Personal information
- Full name: Ariel Leonardo Guevara
- Date of birth: 19 July 1984 (age 40)
- Place of birth: Lomas de Zamora, Argentina
- Height: 1.82 m (6 ft 0 in)
- Position(s): Midfielder

Senior career*
- Years: Team / Apps / (Gls)
- 2005–2006: Deportivo Paraguayo / 39 / (2)
- 2007: Ferrocarril Midland / 11 / (0)
- 2007–2008: San Martín de Burzaco / 15 / (1)
- 2008–2010: Claypole / 30 / (2)
- 2010–2011: Deportivo Paraguayo / 5 / (1)
- 2011–2012: Yupanqui / 12 / (0)
- 2012–2013: Lugano / 12 / (0)
- 2013–2014: Defensores de La Boca / 8 / (0)
- 2014–2015: Victoriano Arenas / 24 / (0)
- 2016: Claypole / 3 / (0)

Managerial career
- 2017: Atlético Atlas (assistant)
- 2017: Almagro (assistant)
- 2018–2019: Temperley (reserves)
- 2020: Nueva Chicago (assistant)
- 2021: Temperley (reserves)
- 2022: Mineros (assistant)
- 2022: ULA
- 2023: Motagua (assistant)
- 2024: Alvarado (assistant)
- 2024: Alvarado (interim)

= Ariel Guevara =

Director Técnico

Ariel Leonardo Guevara (born 19 July 1984) is an Argentine football manager and former player who played as a midfielder.

==Playing career==
Born in Lomas de Zamora, Buenos Aires, Guevara began his career with Deportivo Paraguayo in 2005. He moved to Ferrocarril Midland in 2007, and subsequently represented San Martín de Burzaco and Claypole before returning to Paraguayo in 2010, suffering a knee injury in August of that year.

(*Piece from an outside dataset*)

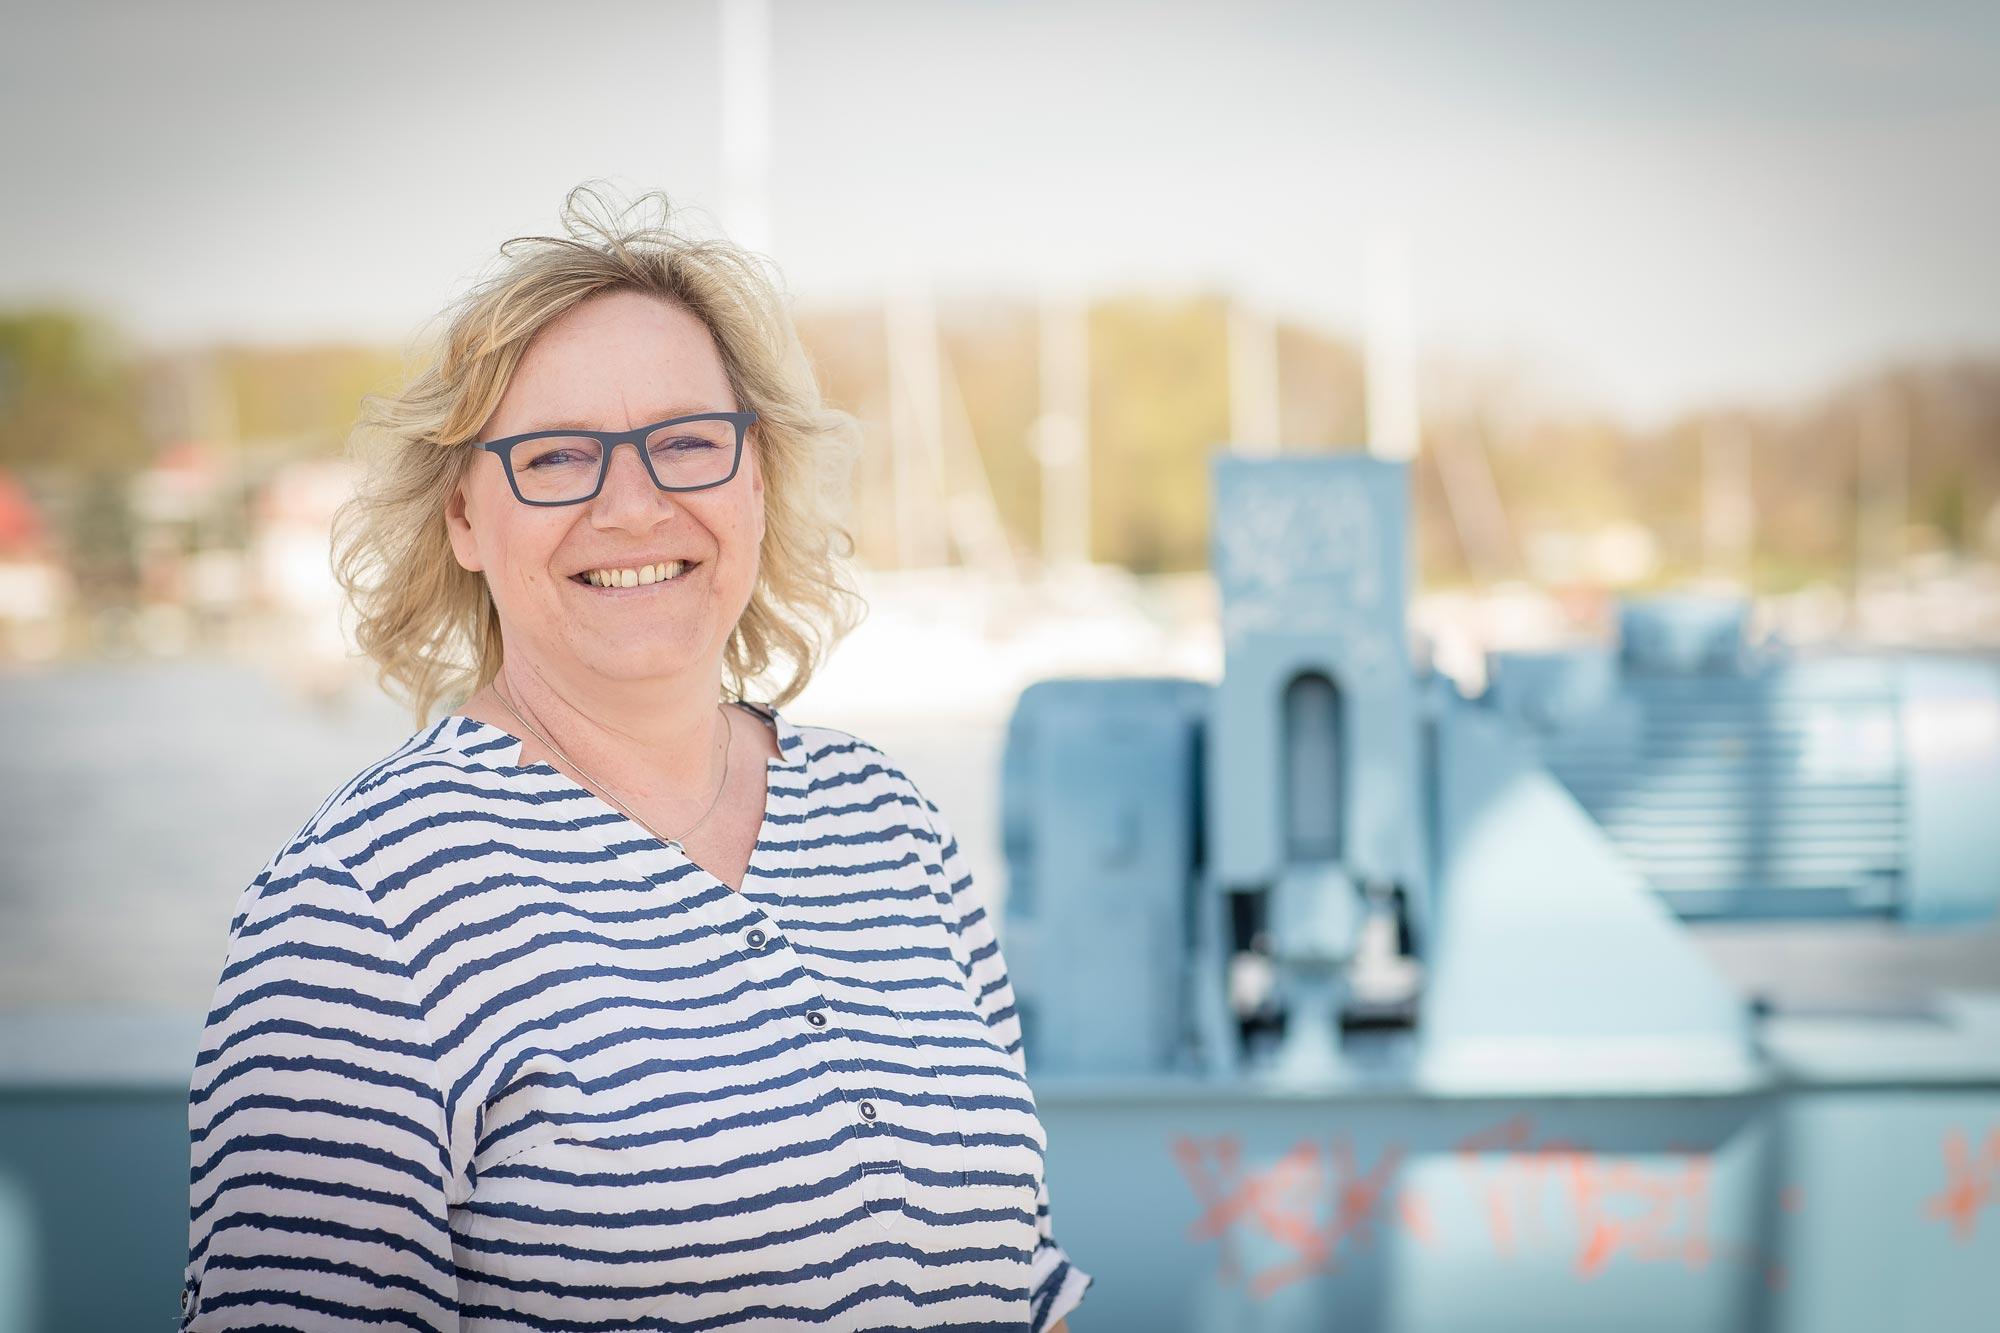 Katrin Bartusek ist Augenoptikerin bei Optik Sagawe in Reutershagen

In June 2012, after a one-year spell at Yupanqui, Guevara joined Lugano. In June 2013, he agreed to a deal with El Porvenir, but the move fell through in the following month, and he subsequently signed for Defensores de La Boca.

In 2014, Guevara moved to Victoriano Arenas. He returned to Claypole in 2016, but left the club in July of that year, and subsequently retired.

==Managerial career==
After retiring, Guevara worked as an assistant at Atlético Atlas and Almagro before becoming the manager of Temperley's reserve team in 2018. He left in the following year to become Rodolfo de Paoli's assistant at Nueva Chicago, but returned to his previous role in 2020.

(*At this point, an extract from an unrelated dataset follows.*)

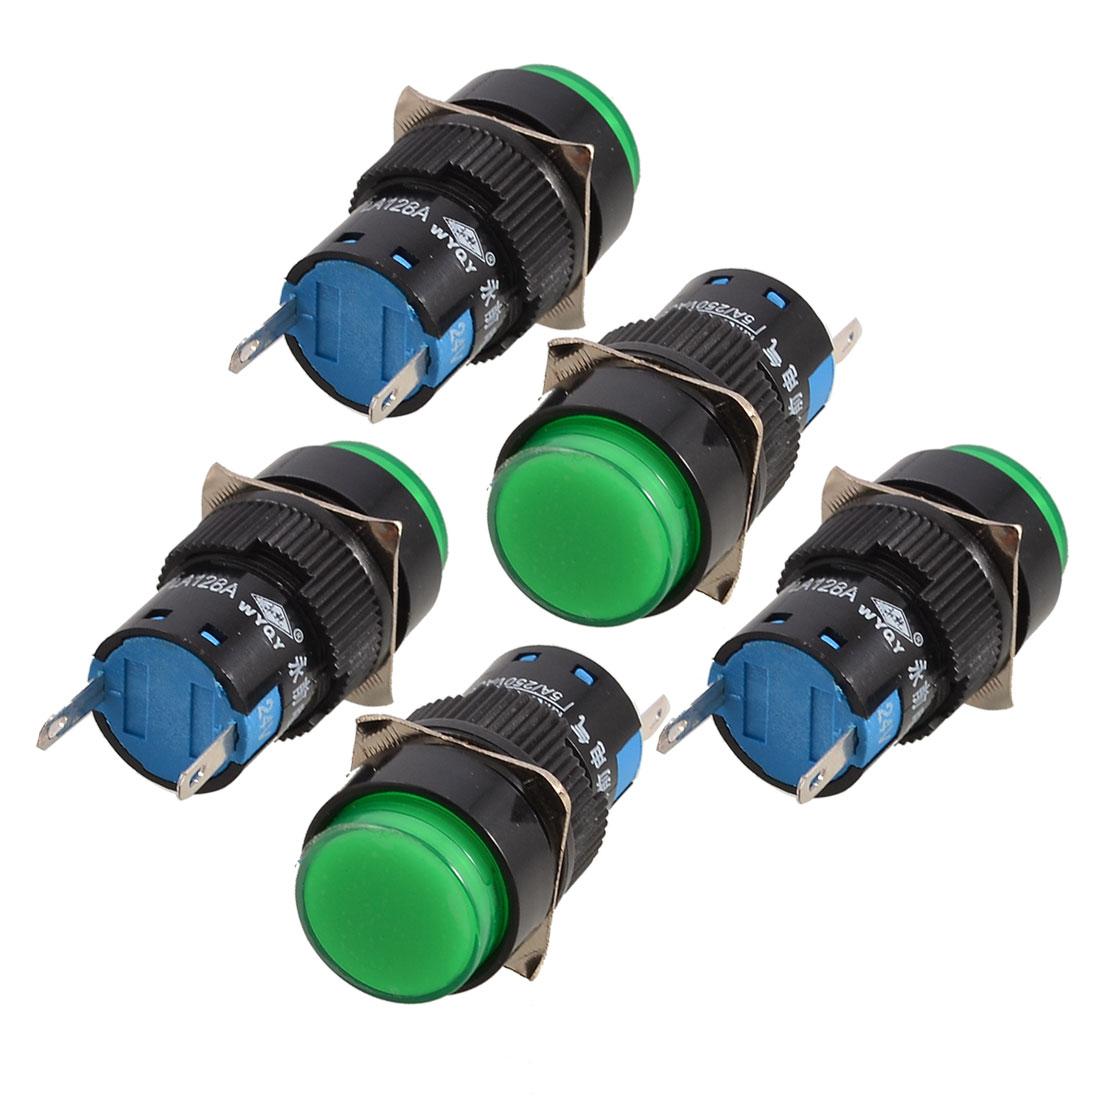 5 Pcs Green Round Cap 2 Terminals Fault Signal Lamp Indicator Light DC 24V

Ahead of the 2022 season, Guevara moved to Venezuela and was named assistant of compatriot Gabriel Martínez Poch at Mineros de Guayana. In May, he replaced Junior Lennin Díaz as manager of ULA, but was sacked in August.

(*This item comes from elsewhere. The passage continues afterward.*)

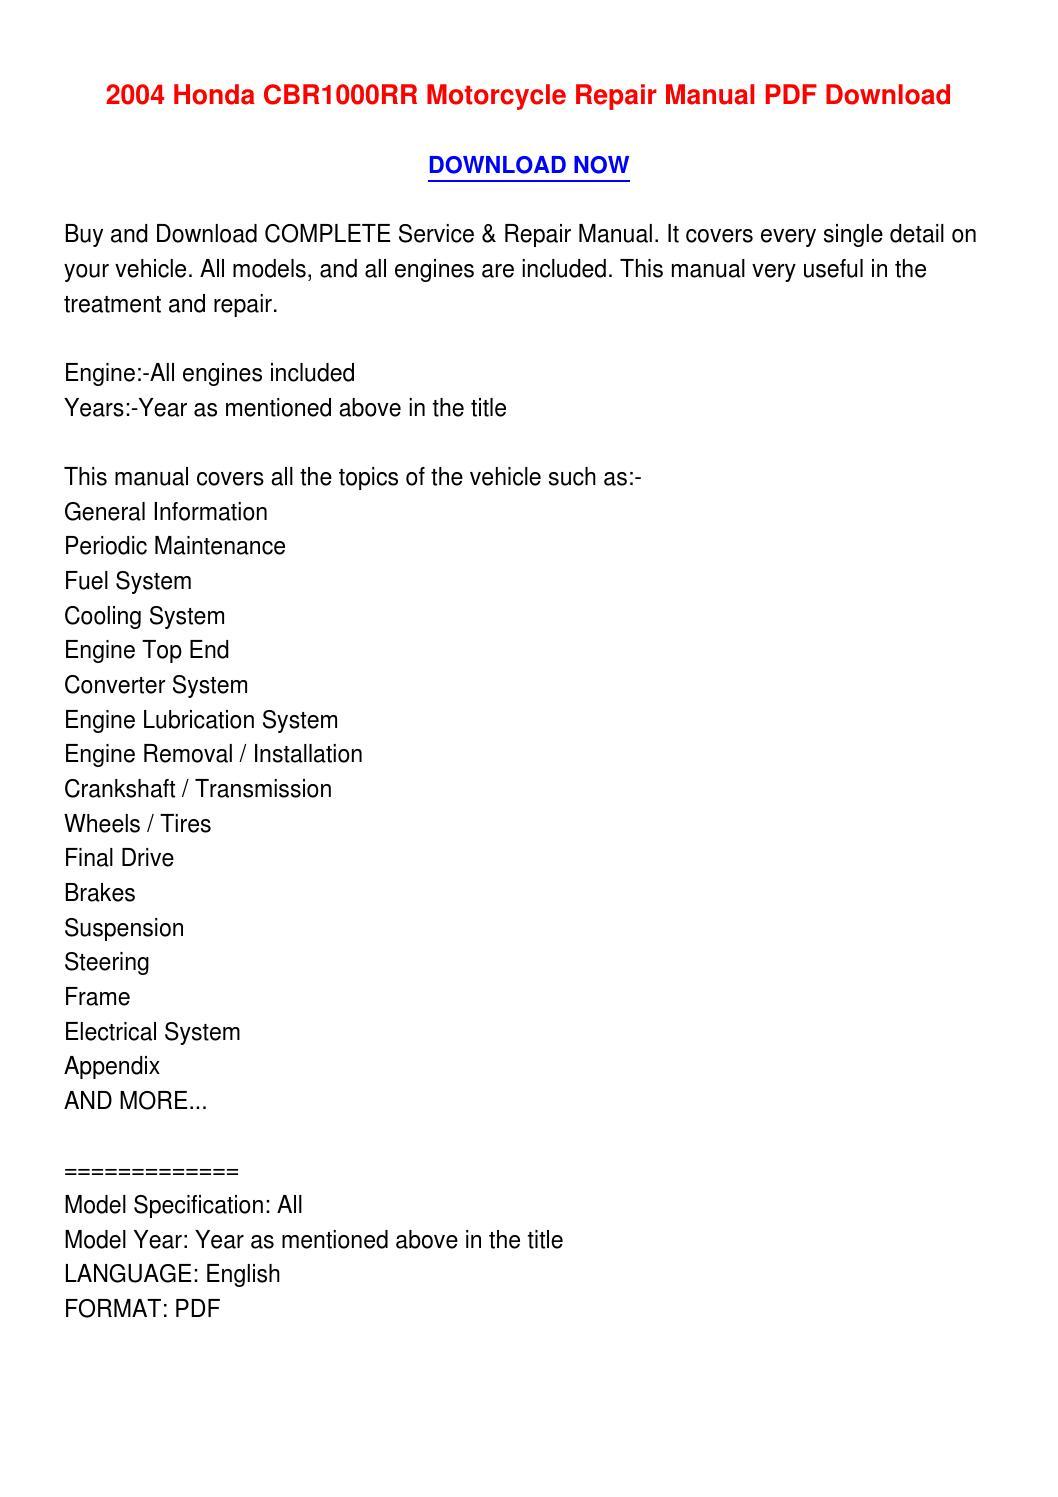 2004 honda cbr1000rr motorcycle repair manual pdf download. Black Bedroom Furniture Sets. Home Design Ideas

In September 2023, Guevara returned to assistant duties after joining César Vigevani's staff at Motagua in Honduras. He was also an assistant of Mauricio Giganti at Alvarado in the following year, also acting as an interim in April as the manager was out due to a pneumonia.

On 6 September 2024, Guevara returned to Venezuela after being named manager of Angostura, but registration issues prevented him from managing the club; Angostura ultimately announced he would not manage the club on 26 September.